Because of the hazardous sulfur dioxide emissions—which can cause eye, nose and throat irritation; breathing difficulties and serious damage to the respiratory system—Kentucky governor Andy Beshear declared a state of emergency and issued evacuation orders for nearby residents, just as many were making preparations for the Thanksgiving holiday, the filing shares.
The lawsuit charges that the train derailment and resulting “catastrophe” was “entirely preventable” had the defendant complied with federal regulations and industry standards. As the suit tells it, CSX failed to properly perform inspections to test for mechanical problems and had no adequate plan in place to prevent the derailment or subsequent chemical fire.

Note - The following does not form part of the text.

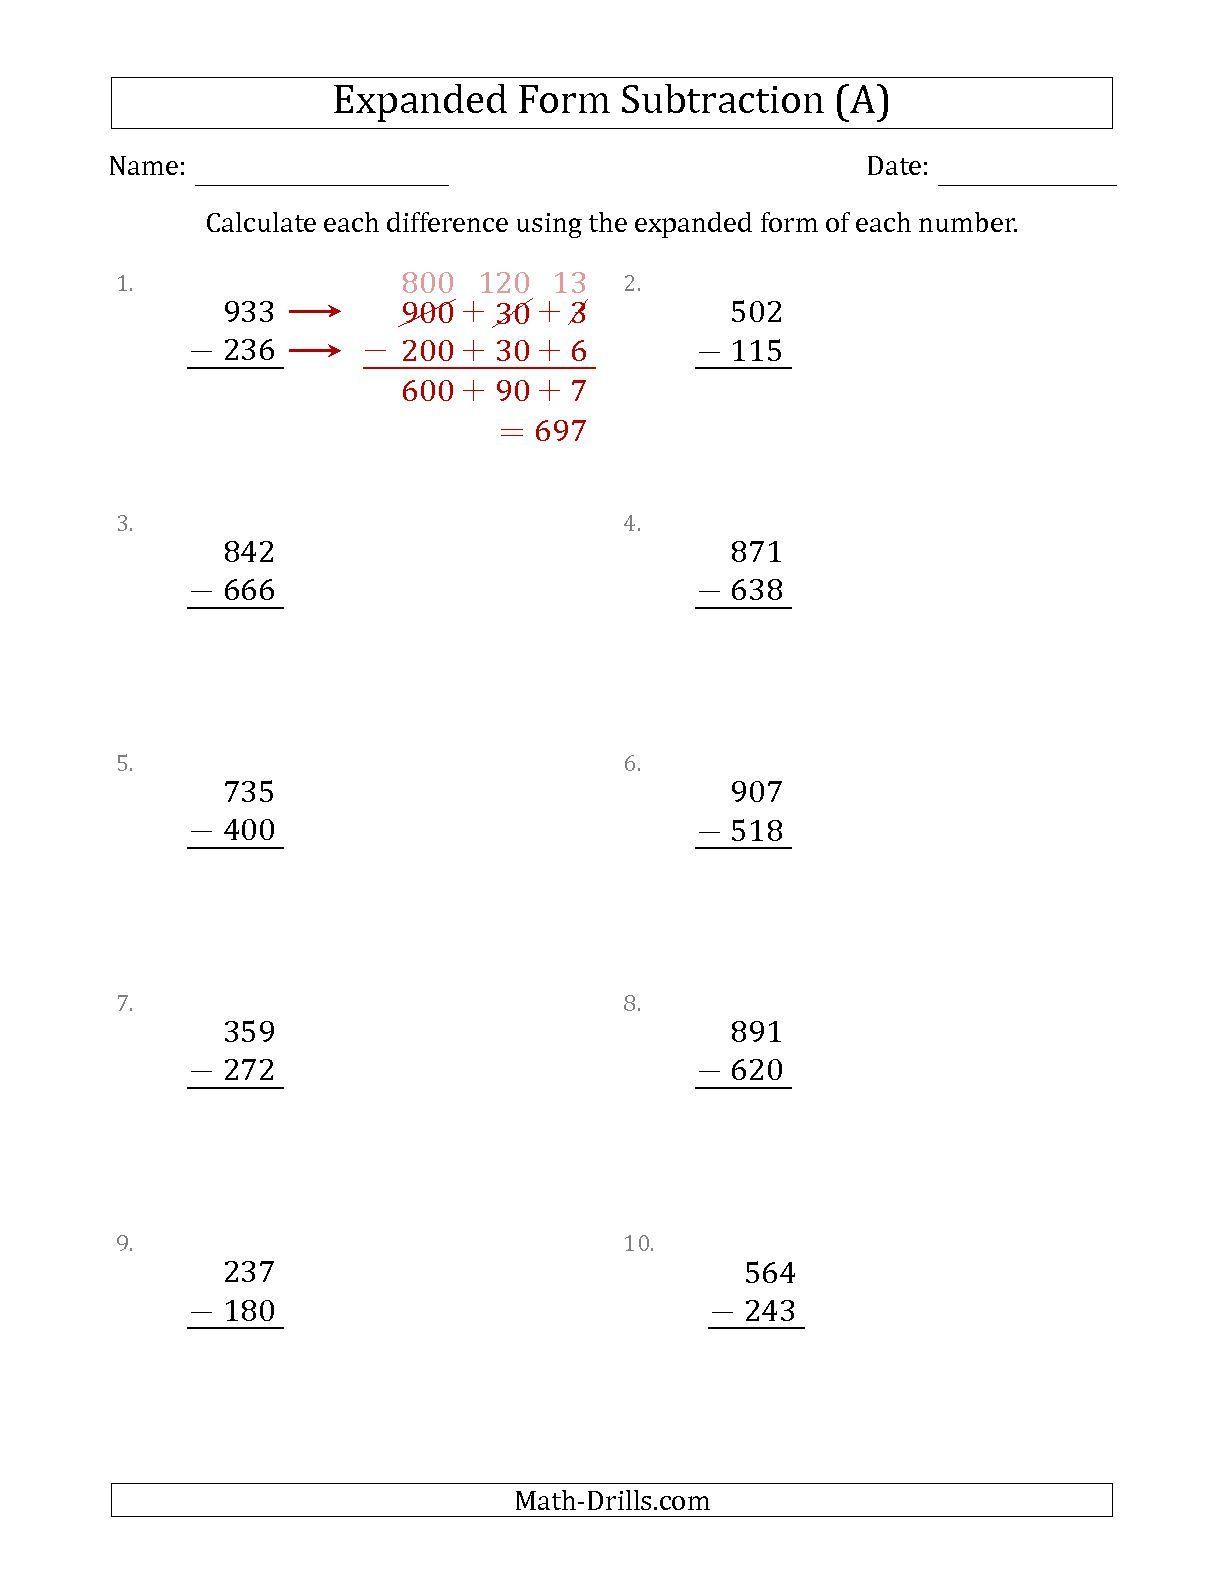 The 3 digit expanded form subtraction a math worksheet from the the 3 digit expanded form subtraction a math worksheet from the subtraction worksheets falaconquin

Per the case, the company reported that the incident occurred due to a faulty wheel bearing that failed to trigger one of the track’s hot bearing detectors (HBD), which alert crews to such malfunctions and should be placed trackside on average every 15 miles, according to industry best practices. The complaint contends that on the day of the derailment, the train had traveled more than 21 miles since passing an HBD and would not have reached the next one for another two miles.
“CSX knew or should have known that over 23 miles between hot bearing detectors, as was the case in Livingston, was unreasonable, negligent, reckless, and not in accordance with industry standards,” the complaint claims.
The filing argues that the train “should never have been operated in such a reckless manner” considering it carried extremely toxic and combustible substances.
As a result of CSX’s alleged failures, Kentucky residents like the plaintiffs—two individuals who live within a few miles of the derailment site—have been exposed to poisonous chemical smoke and now “fear for the long-term consequences to [their] health,” the case shares.
The lawsuit looks to represent anyone who resided or was present in the evacuation zone of the CSX train derailment in Rockcastle County, Kentucky, on November 22, 2023.